Читать книгу Granville Island Mysteries 2-Book Bundle - Michael Blair - Страница 14
chapter eleven
ОглавлениеI’d magnanimously given Wayne and Mary-Alice Sunday morning off and I was on my own, taking a break after assembling a steel shelving unit, dabbing my barked knuckles with a wad of toilet paper, when Skip Osterman ambled into the new studio. He was carrying two large takeout coffees from the Blue Parrot espresso bar in the Public Market. Skip and his wife Connie operated a deep-sea fishing and charter company out of the Broker’s Bay Marina. Skip was always at loose ends on Sunday mornings when Connie was at church. Otherwise, they were inseparable.
“How’s Bobbi doin’?” he asked as we prised the lids from the coffee containers.
I’d called the hospital for an update before coming to the studio. “The doctor thinks she’ll be waking up any time now,” I said.
“That’s good to hear. The cops have any idea who done it?”

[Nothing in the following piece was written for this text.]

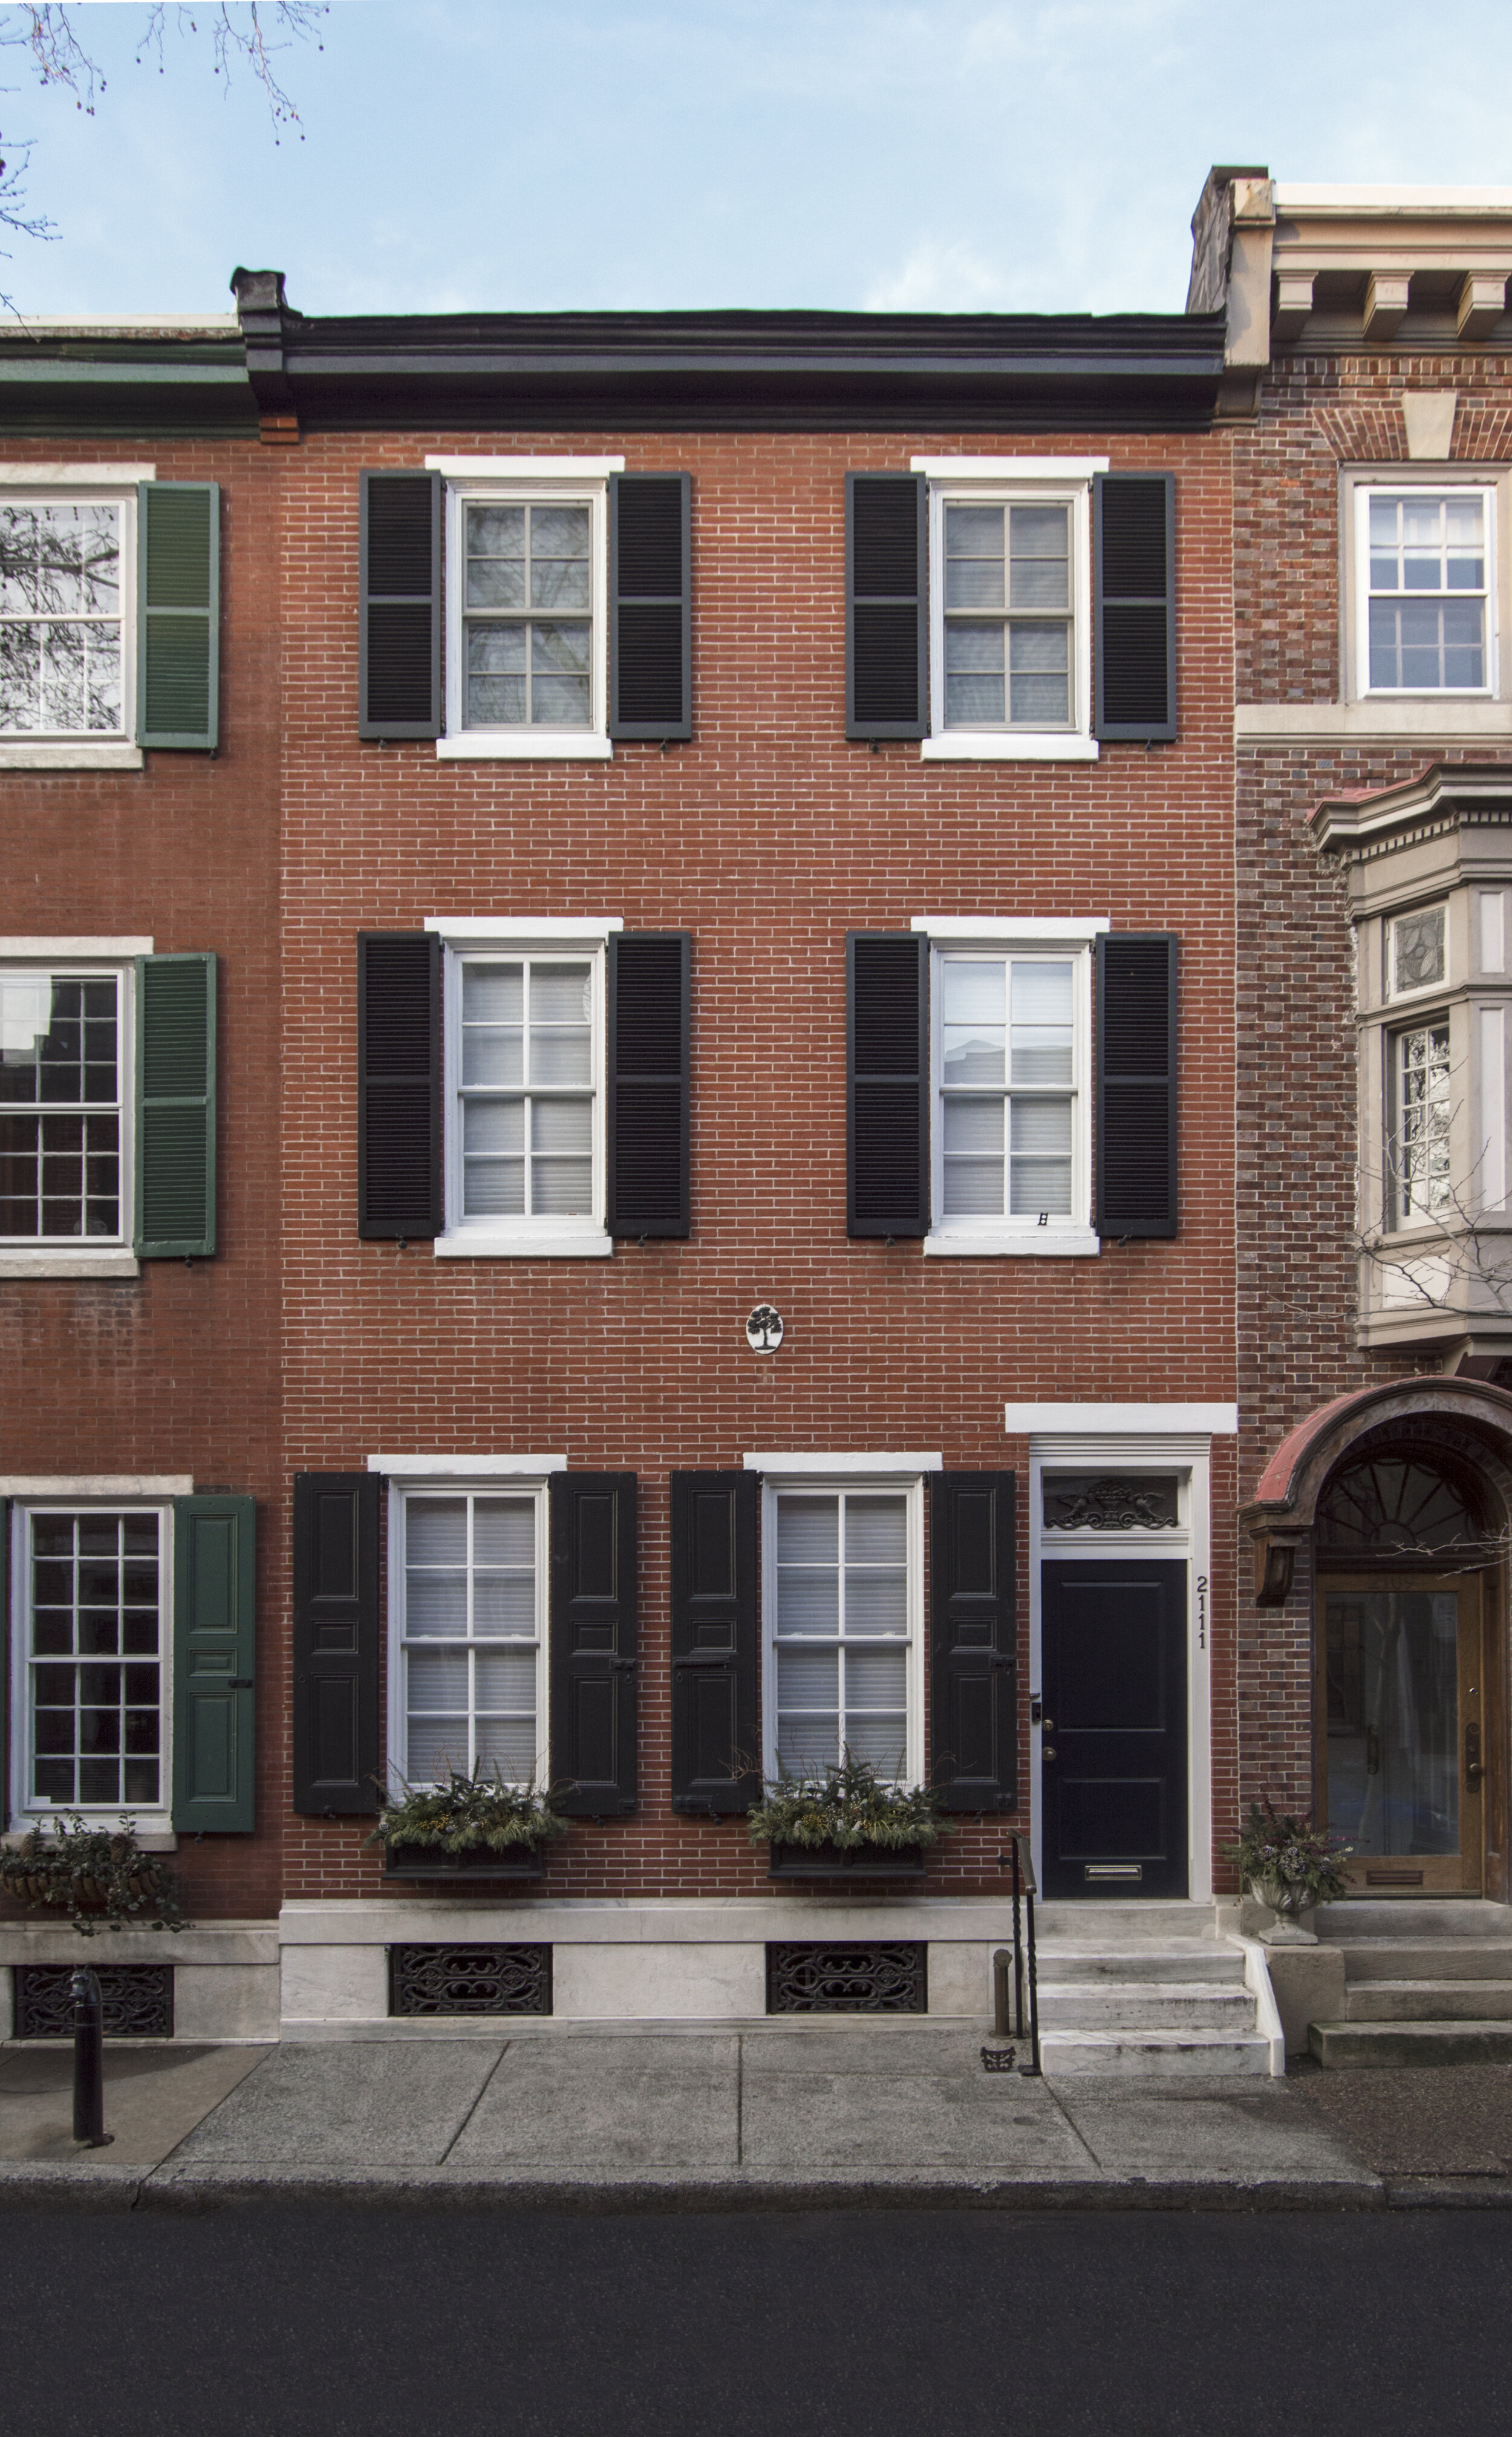 2_RittenhouseSquareTownhouse_exteriorafter_facade.jpg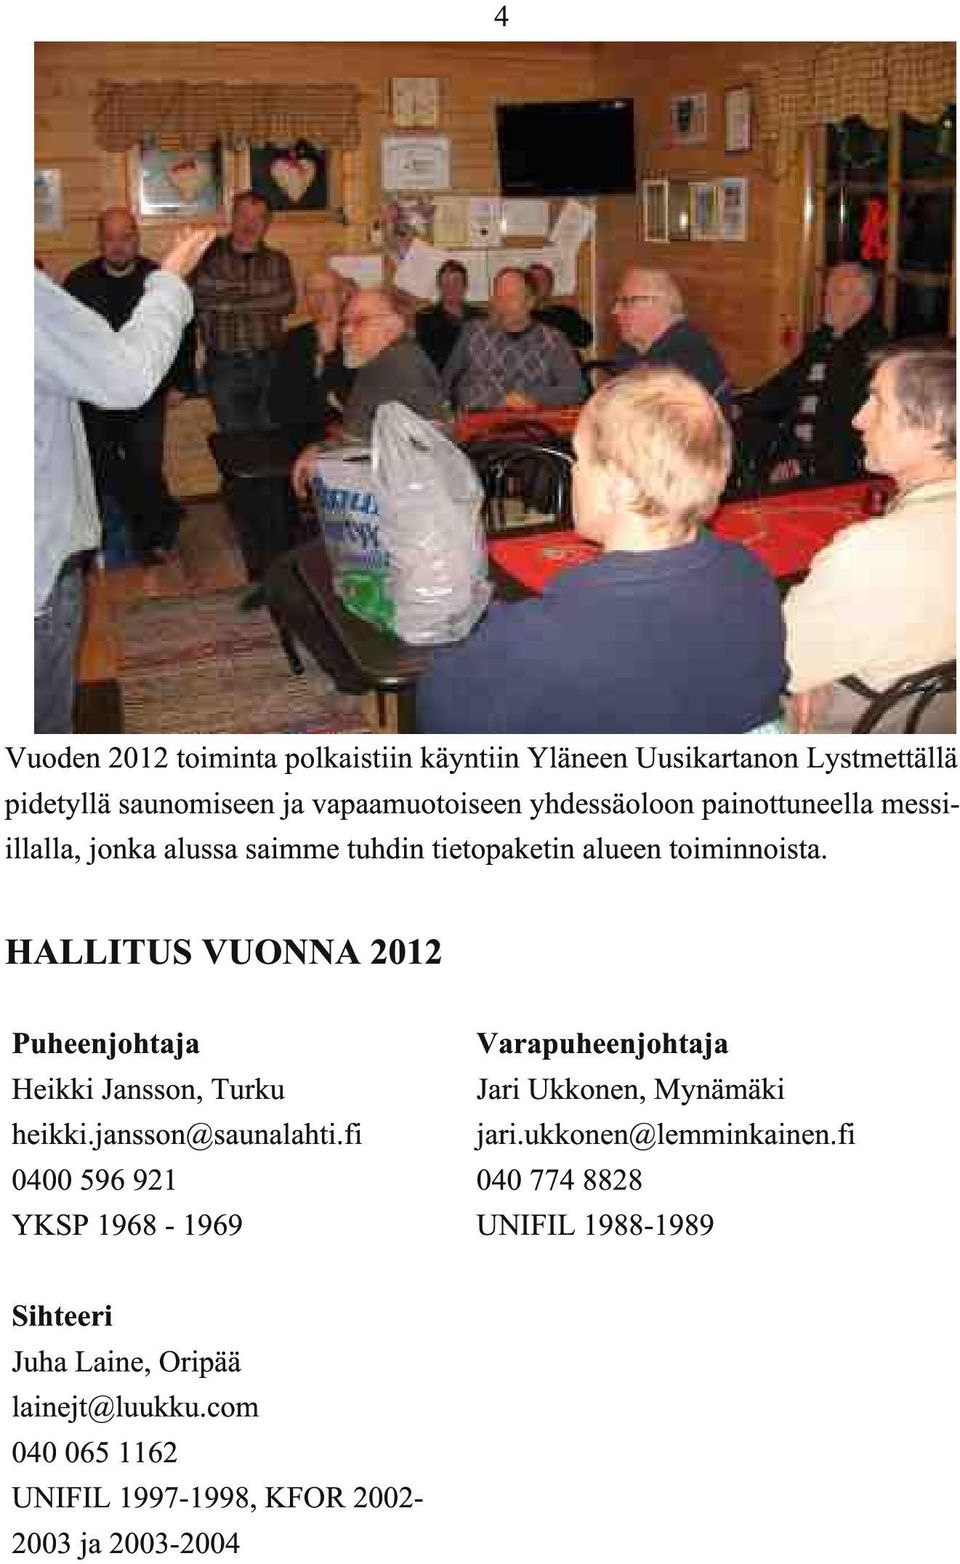 HALLITUS VUO A 2012 Puheenjohtaja Heikki Jansson, Turku heikki.jansson@saunalahti.

“If they do, they’re not telling me.”
“My money’s on Loth,” he said, blowing on his coffee. He took a cautious sip, sucking it in with a lot of air. “After Bobbi tore him a new one at the public market last month, he was goin’ around cursin’ and swearin’ about how he was goin’ to get even with her some way or another. Maybe he did.” He took another noisy slurp of coffee. “Man, there’s gotta be something we can do about that guy. Bad enough smelling the way he does, but grabbin’ his crotch and makin’ dirty remarks to women. Constable Mabel says there ain’t much they can do. Whenever they talk to him ’cause someone’s complained, he goes on about bein’ a poor sick old man who ain’t never hurt no one. But Christ on a crutch, the other day he’s on the quay and Con is at the wheel on the flyin’ bridge as we’re comin’ in from a charter, two couples from a Calgary church group on the deck, and he yells out at her that she can sit on his face any time, even if she does smell of fish. Con ignored him, but I don’t care if he’s a sick old man, I’ll take a goddamn shark pike to him next time he talks dirty to her.” He scowled and gulped his coffee.
Between them, Skip and Connie knew just about everyone who kept a boat anywhere near Granville Island, so I asked him if he knew the Wonderlust, in particular who the real owners might be.
“I know the boat,” Skip said, “but I got no idea who’s behind the company that owns it. Whoever it is, they’ve let it get badly run down. I thought about maybe makin’ an offer on it, y’know, but Witt DeWalt told me not to bother, that everyone who’s made an offer that’s less than the asking price, and that’s everyone who’s made one, has got blown off. Con figures it’s a tax dodge. They’re happy to sit on it, cover the docking fees by renting it out for parties, in the meantime write it off as a loss until someone comes along dumb enough to pay the asking price.”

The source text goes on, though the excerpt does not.